-- Data shown follows --
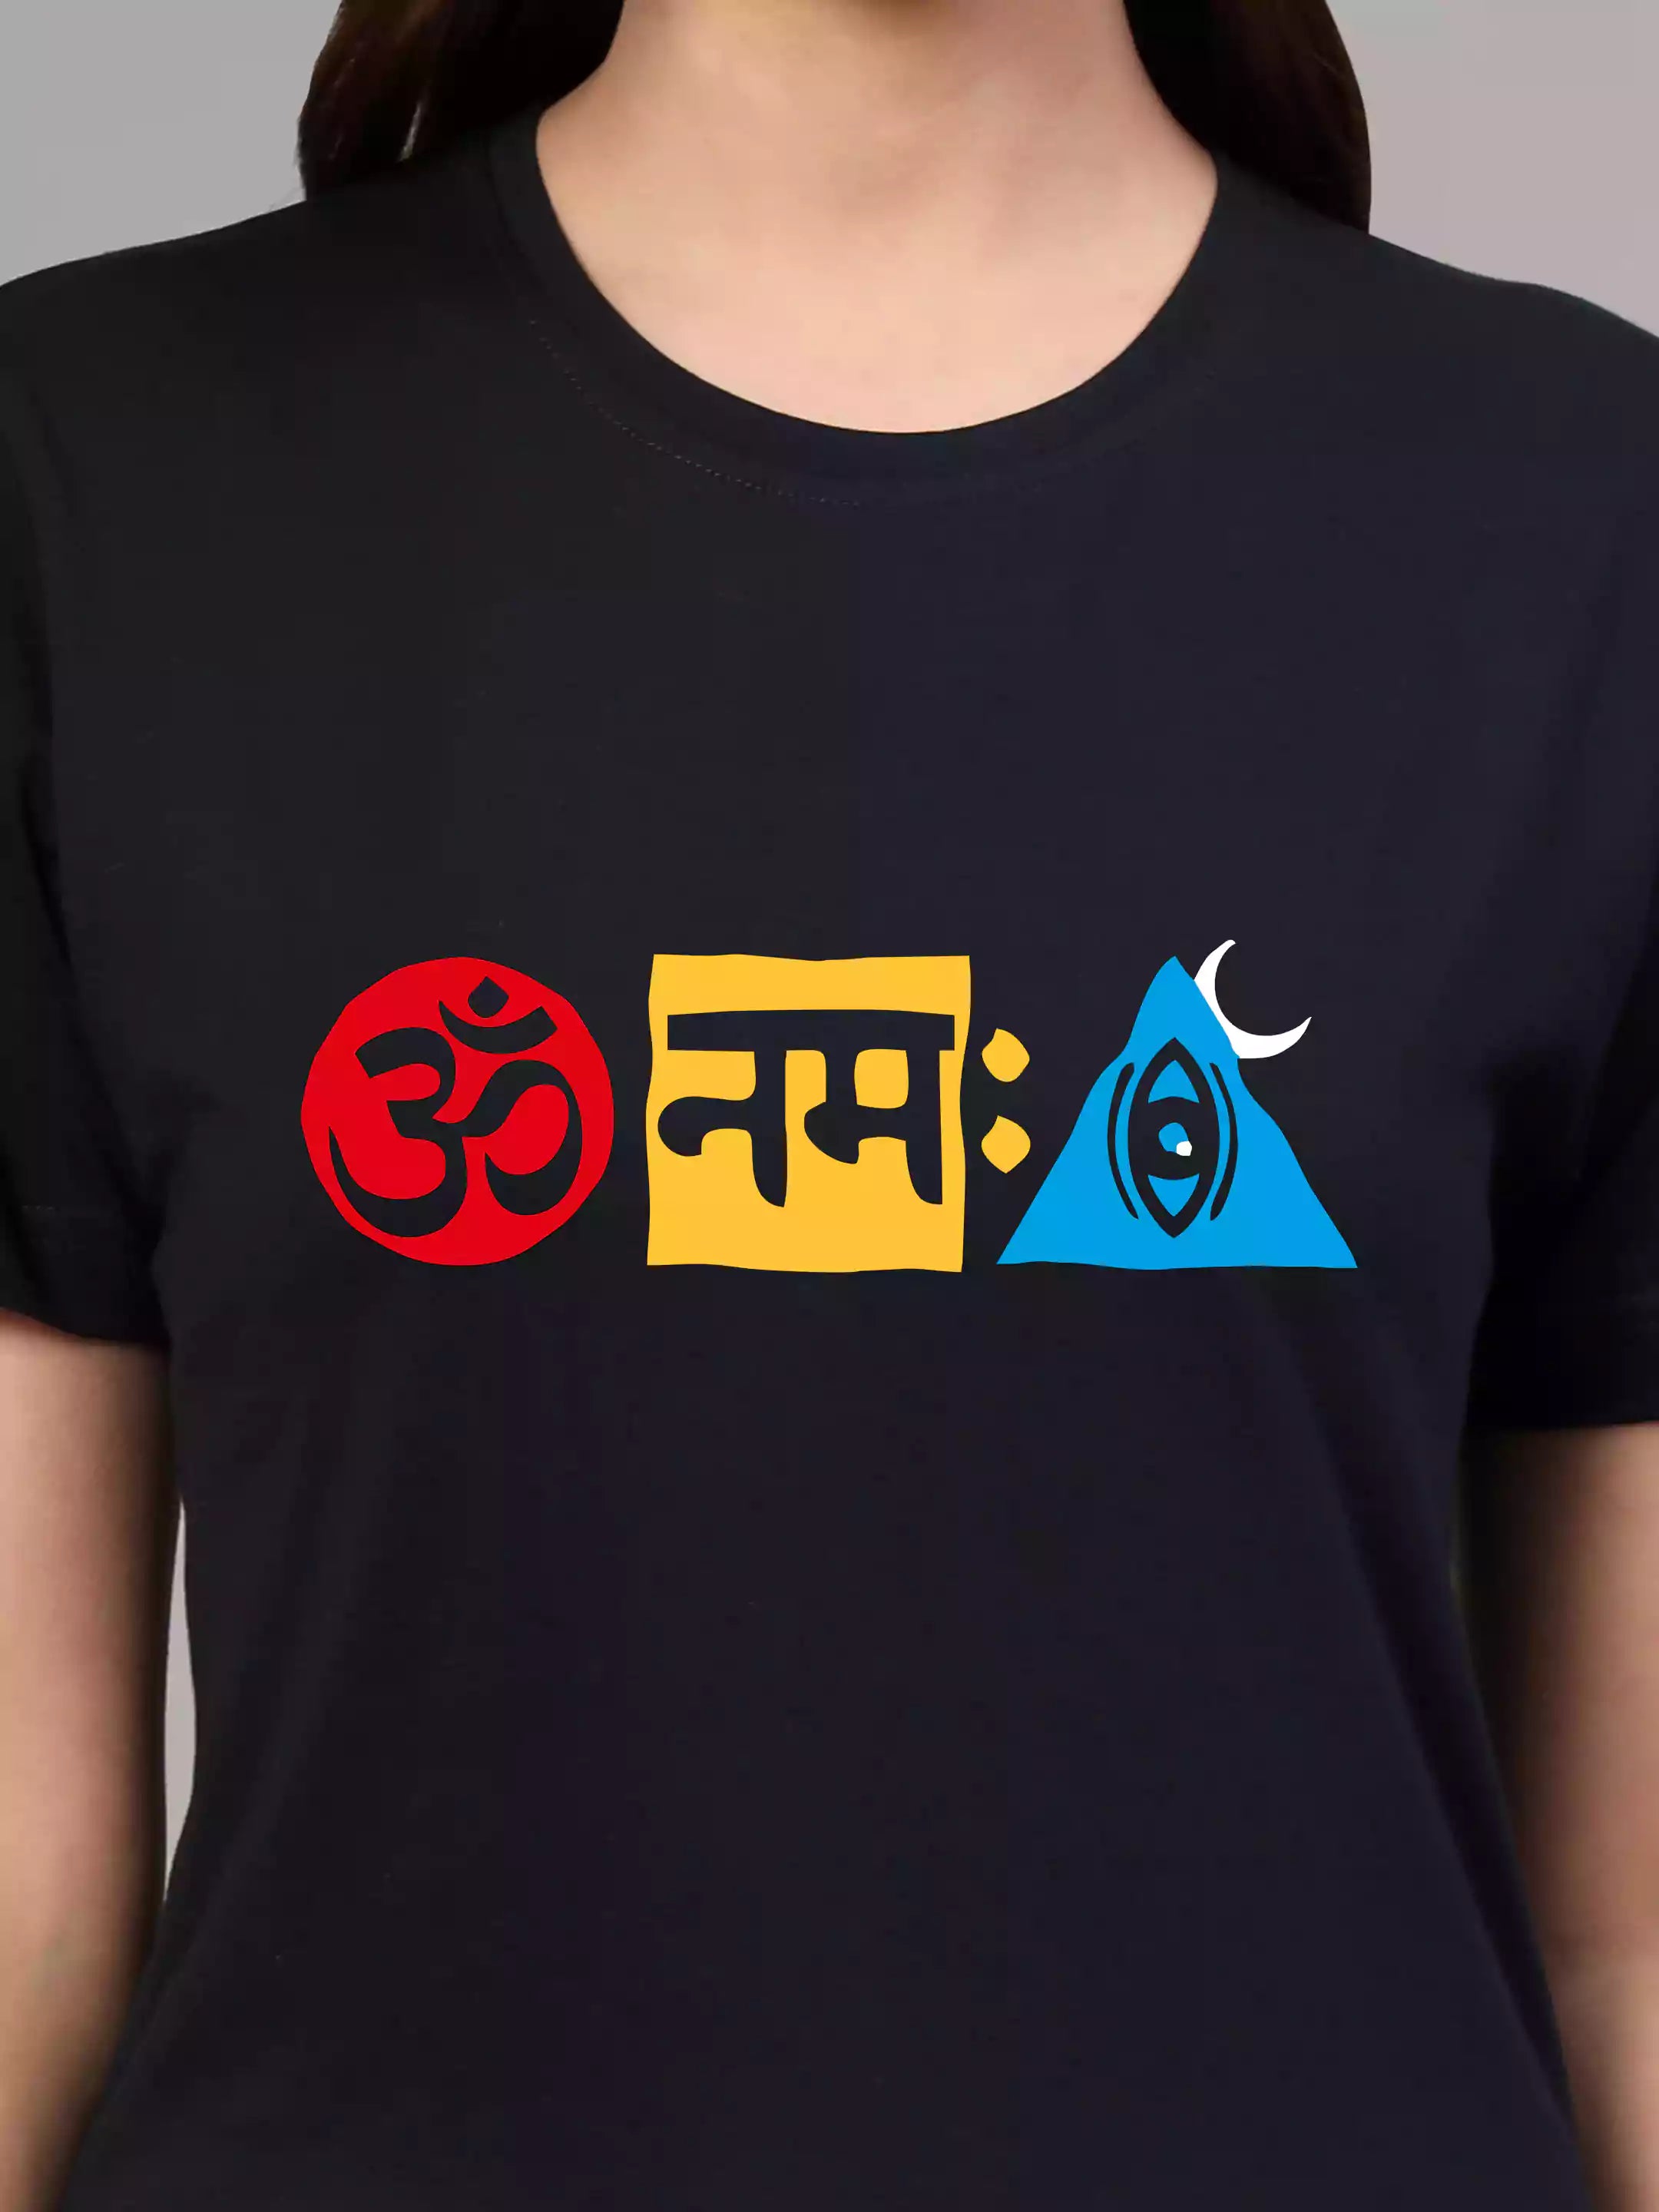 Om Namha Shivay - Sukhiaatma Unisex Graphic Printed Navy Blue T-shirt
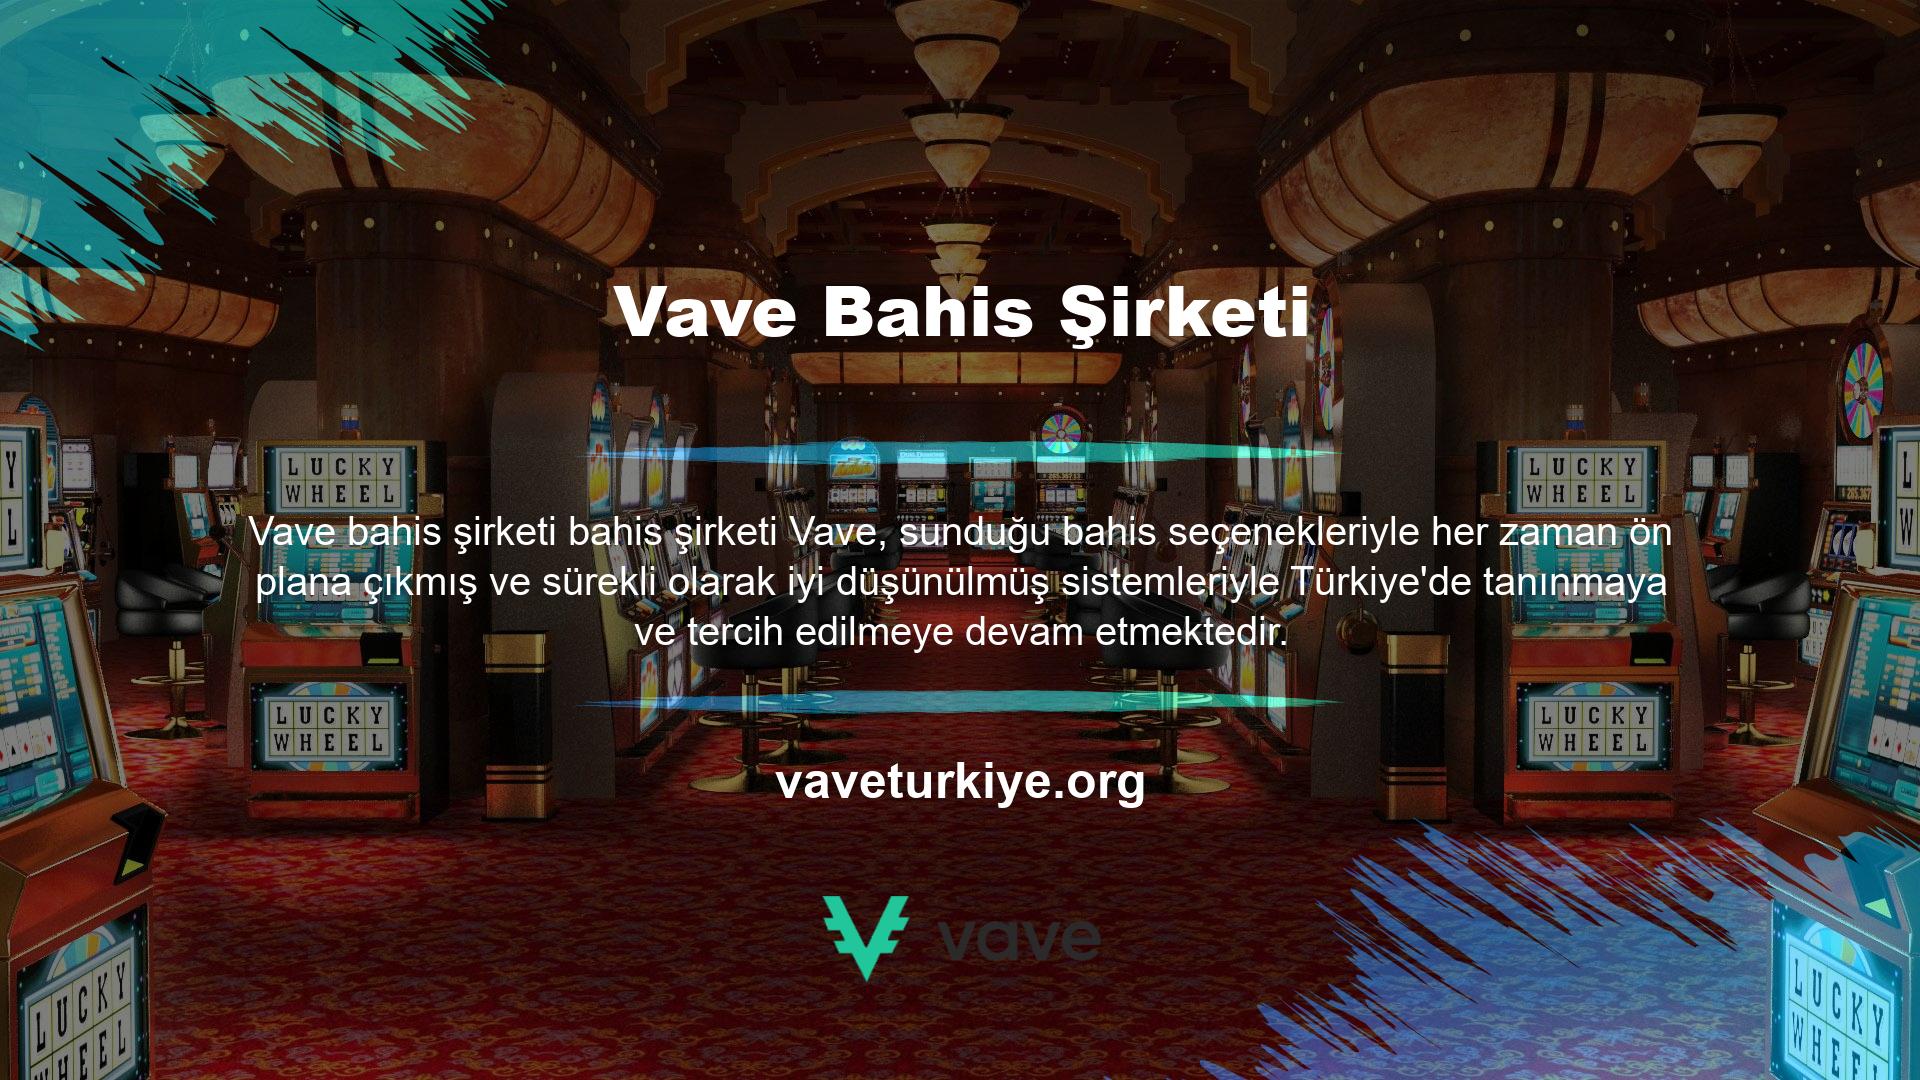 Türkiye'de düşük oranlarla oynamak istemeyenlerin ilk tercihi olan Vave bahis şirketi, birçok özel avantaj sunmaktadır
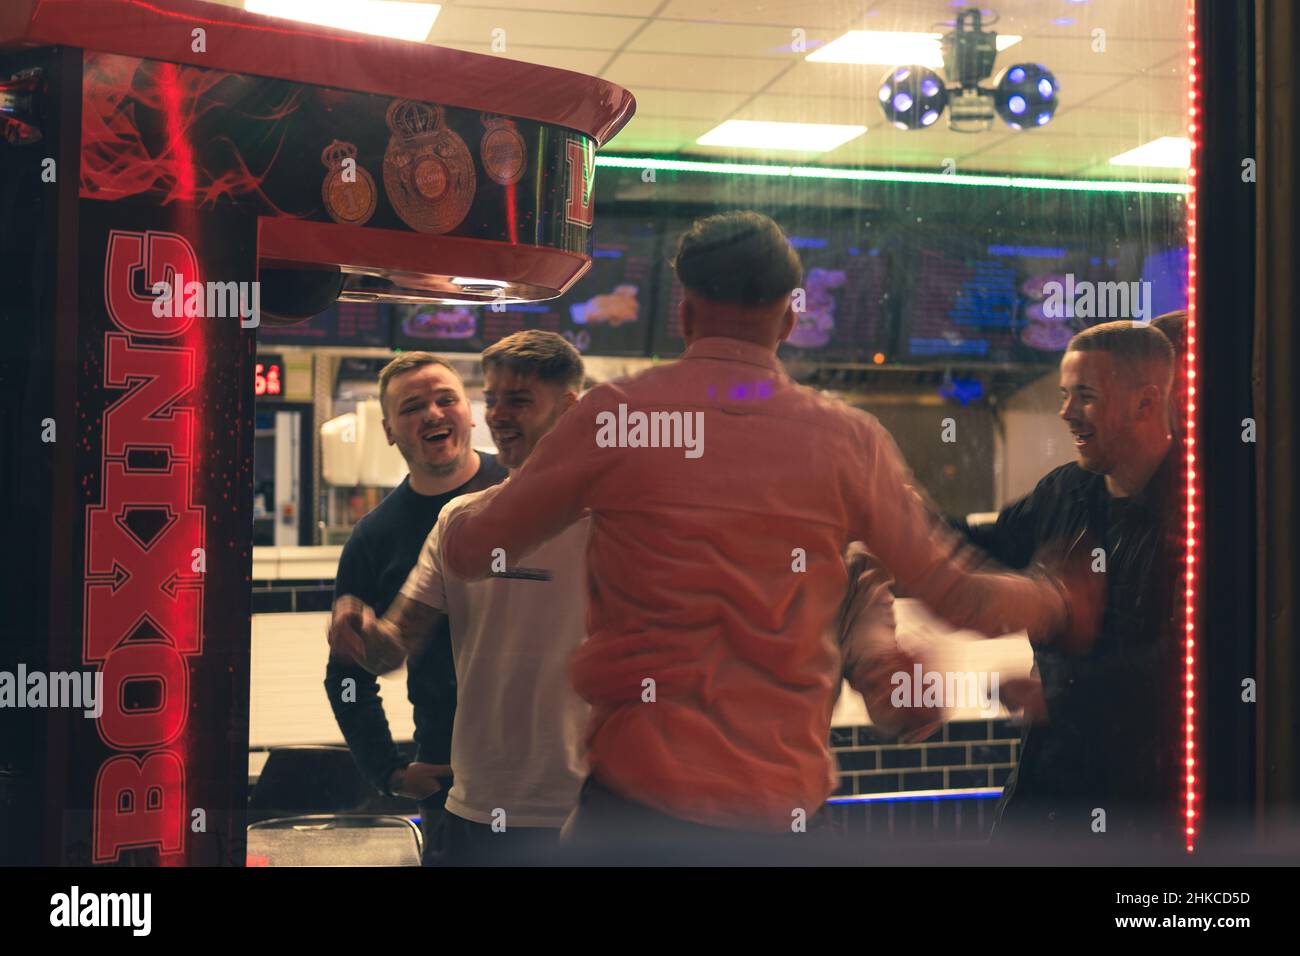 Männer feiern im Rahmen eines Abends in Newcastle upon Tyne, Großbritannien, Erfolge beim Boxspiel zum Mitnehmen. Stockfoto
-- Data shown concluded --
Requirement
Leave the images out and transcribe the rest of the material exactly.

Exercise response
 Om Namha Shivay - Sukhiaatma Unisex Graphic Printed Navy Blue T-shirt
 Türkiye'de düşük oranlarla oynamak istemeyenlerin ilk tercihi olan Vave bahis şirketi, birçok özel avantaj sunmaktadır
 Männer feiern im Rahmen eines Abends in Newcastle upon Tyne, Großbritannien, Erfolge beim Boxspiel zum Mitnehmen. Stockfoto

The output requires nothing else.